Liu, Z., Fauvel, C., Lin, S., Correa-Jaque, P., Webb, A., Vanderpool, R., Kanwar, M., Kraisangka, J., Mathur, P., Perer, A., Everett, A., & Benza, R. L. “Pulmonary Arterial Hypertension Risk Assessment model using Random Forrest and Bayesian Network”.

Background and rationale: Existing risk assessment models in pulmonary arterial hypertension (PAH) are powerful in predicating survival. Yet, they are limited in accounting for the internal relationships among variables since they typically assume independence between variables and their linear association with outcomes. To break free of these limits, we built a clinical risk assessment model using machine learning methods.

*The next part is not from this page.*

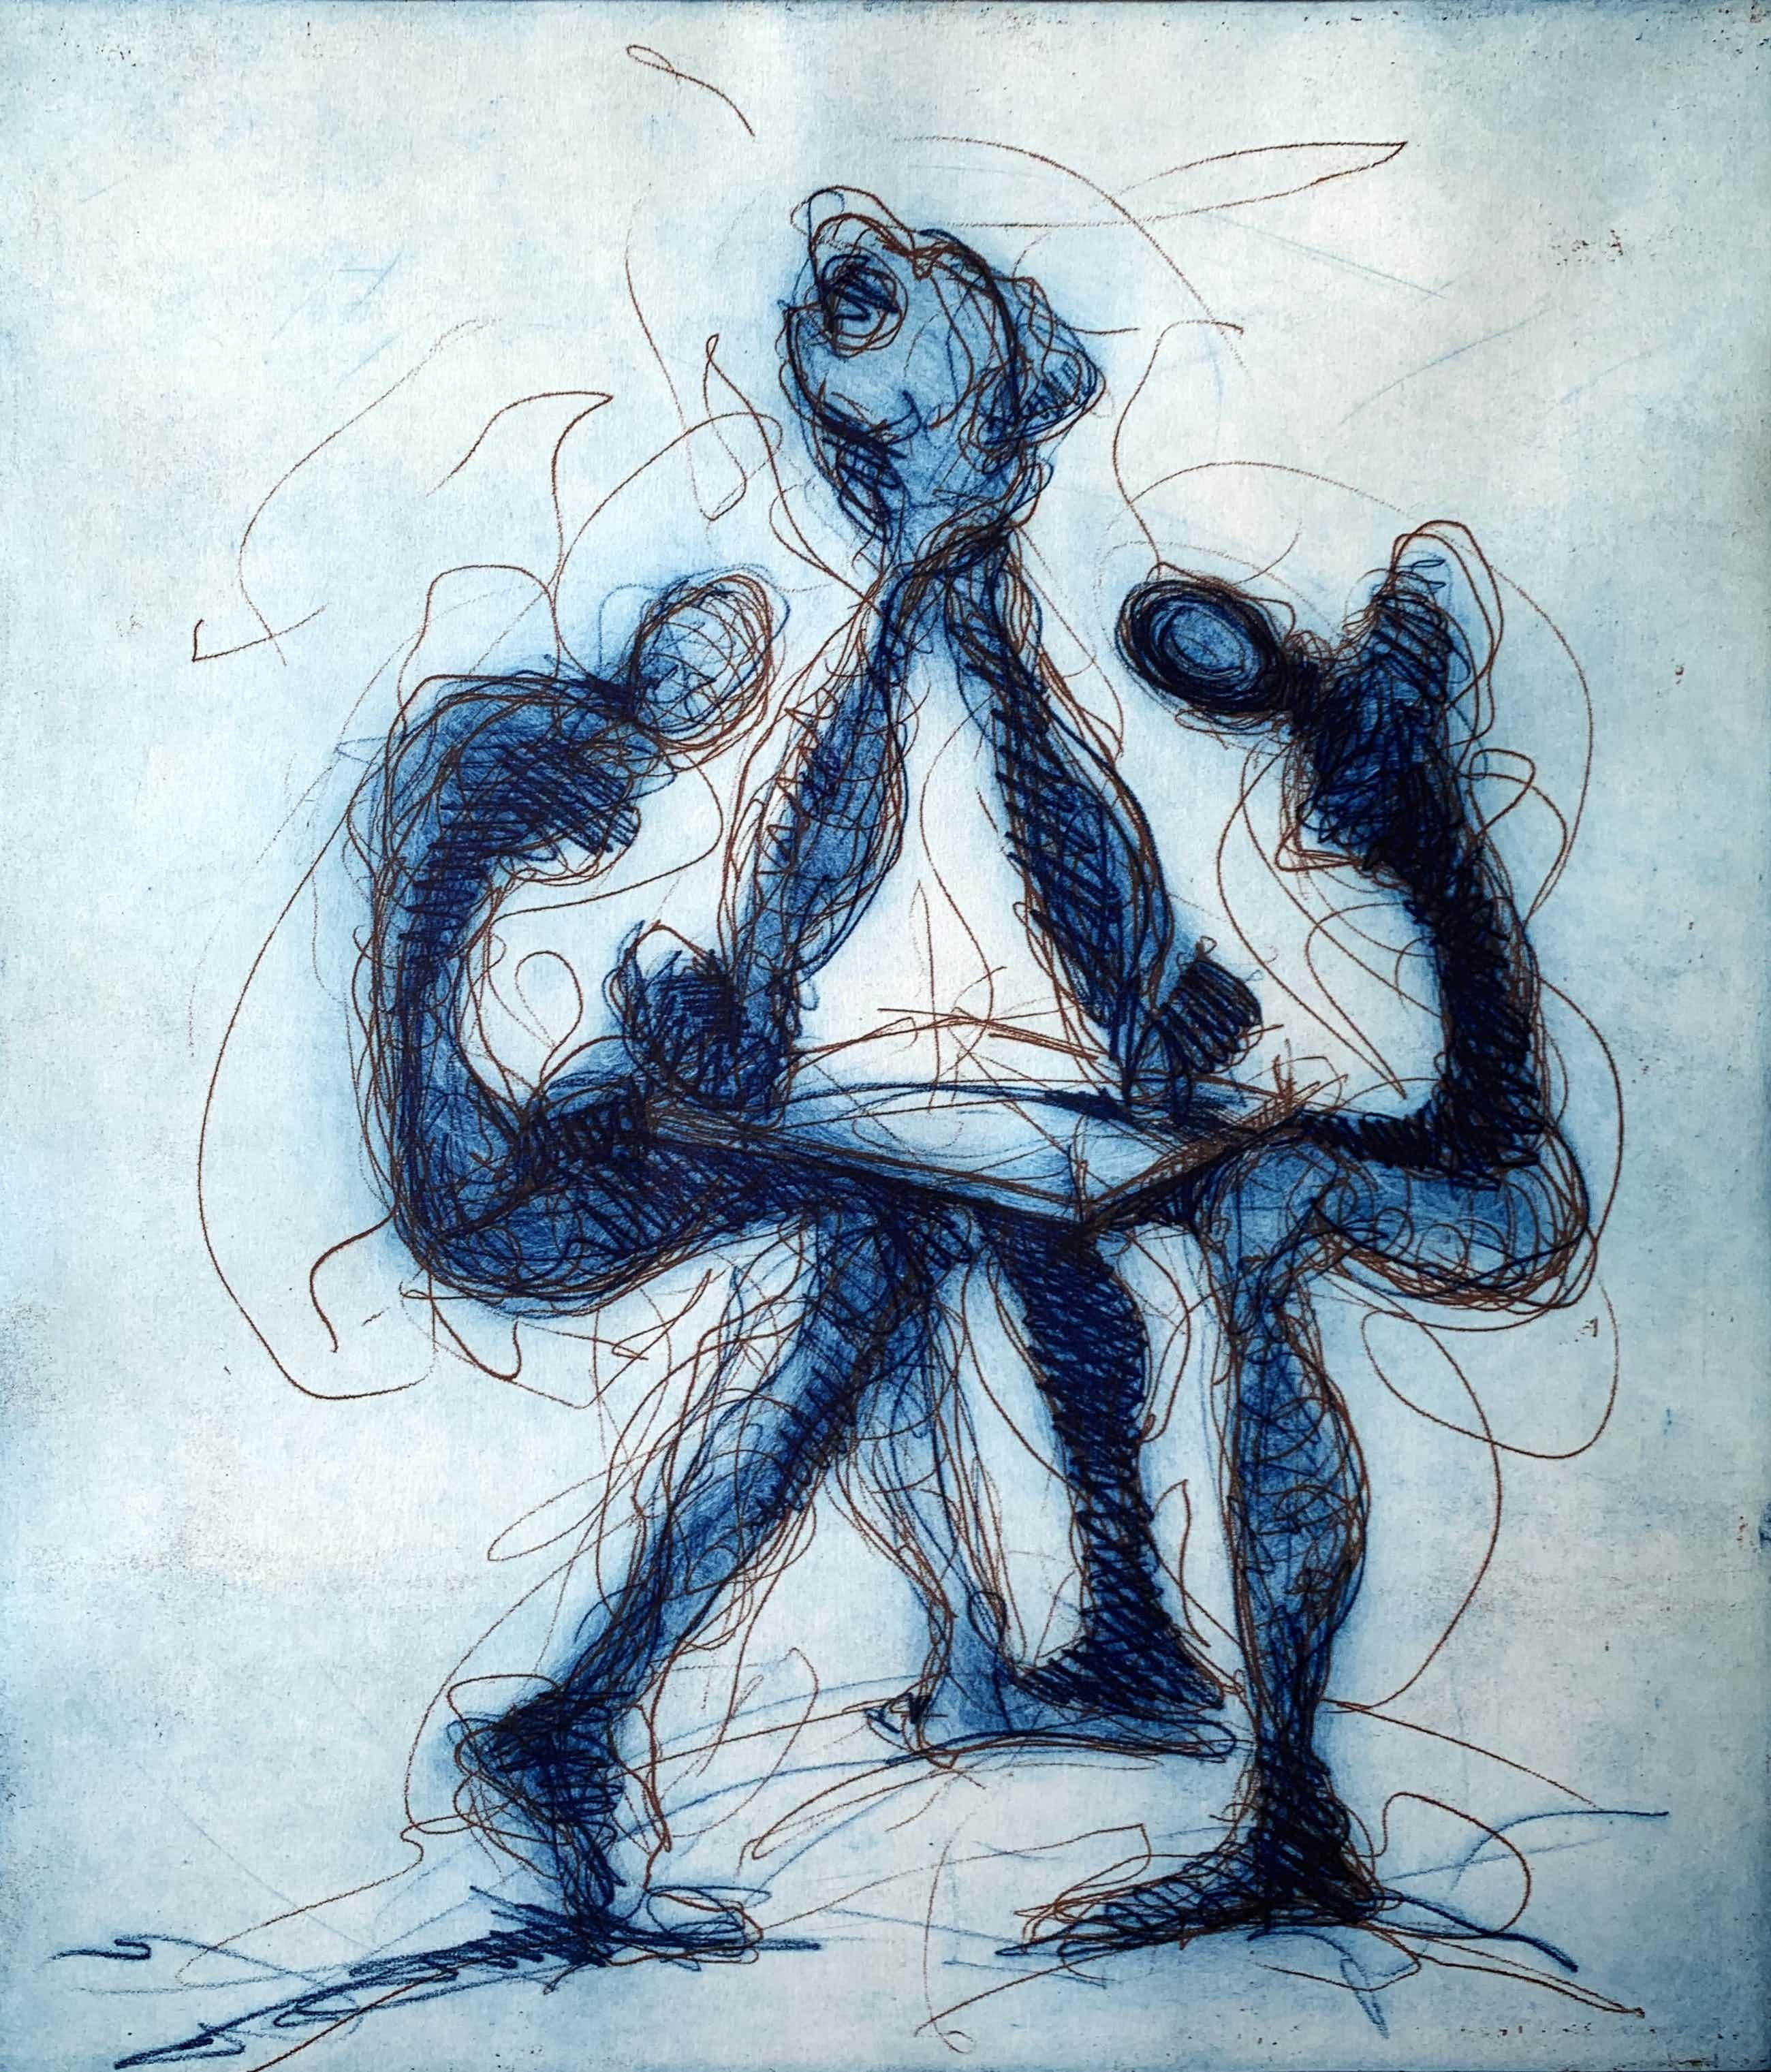 Ronald Tolman - kleurenets - 'Drie figuren' - 1988 (INGELIJST, KLEINE OPLAGE) kopen? Bied vanaf 120!

Methods and results: We harmonized the clinical data measured at baseline from seven adult PAH trials: GRIPHON, SERAPHIN, EARLY, COMPASS-2, COMPASS-3, MAESTRO and TRANSIT-1. The harmonized data comprised 2,870 subjects (mean age 43 years, 77% female, 50% idiopathic or familial PAH) and 125 clinical variables, with a mortality rate of 14%. We split the whole data set into 80% training and 20% test data. Using the training data, we studied variable importance in predicting time-to-mortality using Random Forest. Sixteen variables with importance value greater than 0.0015 were selected to construct a Bayesian network (BN) (Figure) in predicting 1-year survival status (primary outcome). The thresholds to discretize continuous variables were determined based on clinical knowledge. The BN obtained an AUC of 0.85 on the test data set. In 5-fold cross validation, the average AUC was 0.77.
Conclusion: Machine learning provides new powerful methods to build PAH risk assessment model, taking the interdependence among variables into account.